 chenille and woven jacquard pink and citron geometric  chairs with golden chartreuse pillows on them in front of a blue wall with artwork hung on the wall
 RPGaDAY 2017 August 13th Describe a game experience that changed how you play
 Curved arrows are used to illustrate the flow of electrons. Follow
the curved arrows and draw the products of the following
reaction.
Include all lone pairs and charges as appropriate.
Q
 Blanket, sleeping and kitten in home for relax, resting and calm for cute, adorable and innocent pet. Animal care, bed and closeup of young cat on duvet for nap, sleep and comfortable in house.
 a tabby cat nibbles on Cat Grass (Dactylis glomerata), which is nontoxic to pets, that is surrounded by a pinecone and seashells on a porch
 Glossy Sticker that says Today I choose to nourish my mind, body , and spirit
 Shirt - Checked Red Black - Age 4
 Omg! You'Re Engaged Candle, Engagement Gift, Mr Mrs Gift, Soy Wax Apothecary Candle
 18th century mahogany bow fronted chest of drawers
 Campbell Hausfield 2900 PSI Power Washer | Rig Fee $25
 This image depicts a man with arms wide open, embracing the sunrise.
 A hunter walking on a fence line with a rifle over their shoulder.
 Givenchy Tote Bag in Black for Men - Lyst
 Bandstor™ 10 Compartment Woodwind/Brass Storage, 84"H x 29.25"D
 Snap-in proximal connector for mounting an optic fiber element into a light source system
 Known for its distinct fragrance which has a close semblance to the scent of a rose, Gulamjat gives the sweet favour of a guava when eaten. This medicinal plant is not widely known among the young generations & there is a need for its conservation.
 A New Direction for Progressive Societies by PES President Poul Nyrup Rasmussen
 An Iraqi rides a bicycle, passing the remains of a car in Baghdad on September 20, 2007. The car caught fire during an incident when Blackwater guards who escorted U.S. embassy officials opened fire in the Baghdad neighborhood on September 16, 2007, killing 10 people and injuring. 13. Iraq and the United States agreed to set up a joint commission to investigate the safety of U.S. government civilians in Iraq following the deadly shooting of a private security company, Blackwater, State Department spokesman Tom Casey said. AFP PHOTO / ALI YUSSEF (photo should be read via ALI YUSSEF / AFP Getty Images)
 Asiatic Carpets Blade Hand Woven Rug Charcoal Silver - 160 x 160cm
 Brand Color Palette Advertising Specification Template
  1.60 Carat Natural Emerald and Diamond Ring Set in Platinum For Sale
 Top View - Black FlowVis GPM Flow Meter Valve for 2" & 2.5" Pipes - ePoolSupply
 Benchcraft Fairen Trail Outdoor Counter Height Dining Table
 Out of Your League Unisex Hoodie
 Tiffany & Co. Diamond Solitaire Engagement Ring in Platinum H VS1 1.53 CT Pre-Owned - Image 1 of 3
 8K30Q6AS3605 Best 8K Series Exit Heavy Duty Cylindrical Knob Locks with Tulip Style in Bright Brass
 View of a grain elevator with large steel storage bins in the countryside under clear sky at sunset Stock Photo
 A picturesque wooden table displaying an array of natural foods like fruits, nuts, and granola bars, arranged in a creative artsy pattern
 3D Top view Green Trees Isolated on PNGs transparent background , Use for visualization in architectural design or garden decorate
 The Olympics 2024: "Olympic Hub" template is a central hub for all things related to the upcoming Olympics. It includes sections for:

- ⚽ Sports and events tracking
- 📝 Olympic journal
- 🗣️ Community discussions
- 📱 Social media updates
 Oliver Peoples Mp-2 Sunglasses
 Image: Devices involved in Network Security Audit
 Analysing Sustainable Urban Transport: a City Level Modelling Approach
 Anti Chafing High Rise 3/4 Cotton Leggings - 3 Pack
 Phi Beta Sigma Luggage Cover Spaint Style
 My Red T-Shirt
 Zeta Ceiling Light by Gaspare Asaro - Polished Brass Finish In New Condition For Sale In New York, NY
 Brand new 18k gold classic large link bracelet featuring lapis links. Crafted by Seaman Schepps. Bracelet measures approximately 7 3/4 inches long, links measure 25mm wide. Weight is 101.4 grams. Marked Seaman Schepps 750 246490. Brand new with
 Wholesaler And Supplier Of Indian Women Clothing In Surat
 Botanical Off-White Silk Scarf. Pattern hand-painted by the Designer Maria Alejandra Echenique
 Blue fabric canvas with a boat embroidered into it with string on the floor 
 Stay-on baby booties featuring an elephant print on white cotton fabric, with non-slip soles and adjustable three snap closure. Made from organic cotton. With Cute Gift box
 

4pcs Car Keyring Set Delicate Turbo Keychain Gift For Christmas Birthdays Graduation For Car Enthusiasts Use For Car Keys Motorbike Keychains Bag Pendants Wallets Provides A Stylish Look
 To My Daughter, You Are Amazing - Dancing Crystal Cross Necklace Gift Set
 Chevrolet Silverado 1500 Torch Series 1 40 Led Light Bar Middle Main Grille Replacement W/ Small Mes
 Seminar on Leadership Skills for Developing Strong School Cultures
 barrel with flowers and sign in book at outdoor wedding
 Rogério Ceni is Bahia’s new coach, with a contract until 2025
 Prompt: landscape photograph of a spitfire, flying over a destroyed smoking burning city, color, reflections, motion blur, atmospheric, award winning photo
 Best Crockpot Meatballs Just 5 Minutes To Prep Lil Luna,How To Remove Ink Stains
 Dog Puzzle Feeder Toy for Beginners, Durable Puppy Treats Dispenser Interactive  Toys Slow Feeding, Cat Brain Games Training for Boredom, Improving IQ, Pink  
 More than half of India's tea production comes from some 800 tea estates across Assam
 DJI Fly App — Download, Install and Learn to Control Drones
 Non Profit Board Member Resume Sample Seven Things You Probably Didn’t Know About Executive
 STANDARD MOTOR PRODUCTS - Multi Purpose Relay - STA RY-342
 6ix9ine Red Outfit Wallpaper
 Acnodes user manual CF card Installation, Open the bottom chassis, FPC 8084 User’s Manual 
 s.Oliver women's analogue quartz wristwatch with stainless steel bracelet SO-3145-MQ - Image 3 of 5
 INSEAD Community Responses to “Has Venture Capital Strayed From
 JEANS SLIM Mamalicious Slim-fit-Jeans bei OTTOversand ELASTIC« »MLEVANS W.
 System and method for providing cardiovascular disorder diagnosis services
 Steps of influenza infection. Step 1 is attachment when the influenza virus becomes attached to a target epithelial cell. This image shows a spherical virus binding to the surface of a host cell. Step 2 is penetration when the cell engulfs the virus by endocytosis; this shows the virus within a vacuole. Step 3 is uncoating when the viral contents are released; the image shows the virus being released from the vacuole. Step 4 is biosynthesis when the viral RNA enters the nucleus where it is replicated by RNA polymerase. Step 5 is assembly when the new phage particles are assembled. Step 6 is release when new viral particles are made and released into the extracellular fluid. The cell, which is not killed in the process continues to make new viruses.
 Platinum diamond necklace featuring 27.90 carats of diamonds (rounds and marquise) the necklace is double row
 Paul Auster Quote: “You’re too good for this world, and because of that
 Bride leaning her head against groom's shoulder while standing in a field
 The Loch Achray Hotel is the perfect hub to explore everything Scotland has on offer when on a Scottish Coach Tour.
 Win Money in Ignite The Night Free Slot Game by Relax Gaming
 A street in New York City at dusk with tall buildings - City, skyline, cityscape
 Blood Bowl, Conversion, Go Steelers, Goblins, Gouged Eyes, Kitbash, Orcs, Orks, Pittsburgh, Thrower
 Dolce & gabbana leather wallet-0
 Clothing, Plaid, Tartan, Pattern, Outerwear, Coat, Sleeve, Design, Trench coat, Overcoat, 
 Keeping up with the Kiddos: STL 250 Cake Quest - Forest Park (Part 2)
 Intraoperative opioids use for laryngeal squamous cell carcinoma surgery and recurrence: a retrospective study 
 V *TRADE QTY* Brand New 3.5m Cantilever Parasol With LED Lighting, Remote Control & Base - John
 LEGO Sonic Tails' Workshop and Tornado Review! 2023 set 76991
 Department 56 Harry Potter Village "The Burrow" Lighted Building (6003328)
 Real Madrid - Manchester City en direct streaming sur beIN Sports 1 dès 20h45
--------------------------------
**Task description**
Reproduce, exactly and without additions, the run of lines from the start of the listing above to the line bearing "Curved arrows are", inclusive.

**Task solution**
 chenille and woven jacquard pink and citron geometric  chairs with golden chartreuse pillows on them in front of a blue wall with artwork hung on the wall
 RPGaDAY 2017 August 13th Describe a game experience that changed how you play
 Curved arrows are used to illustrate the flow of electrons. Follow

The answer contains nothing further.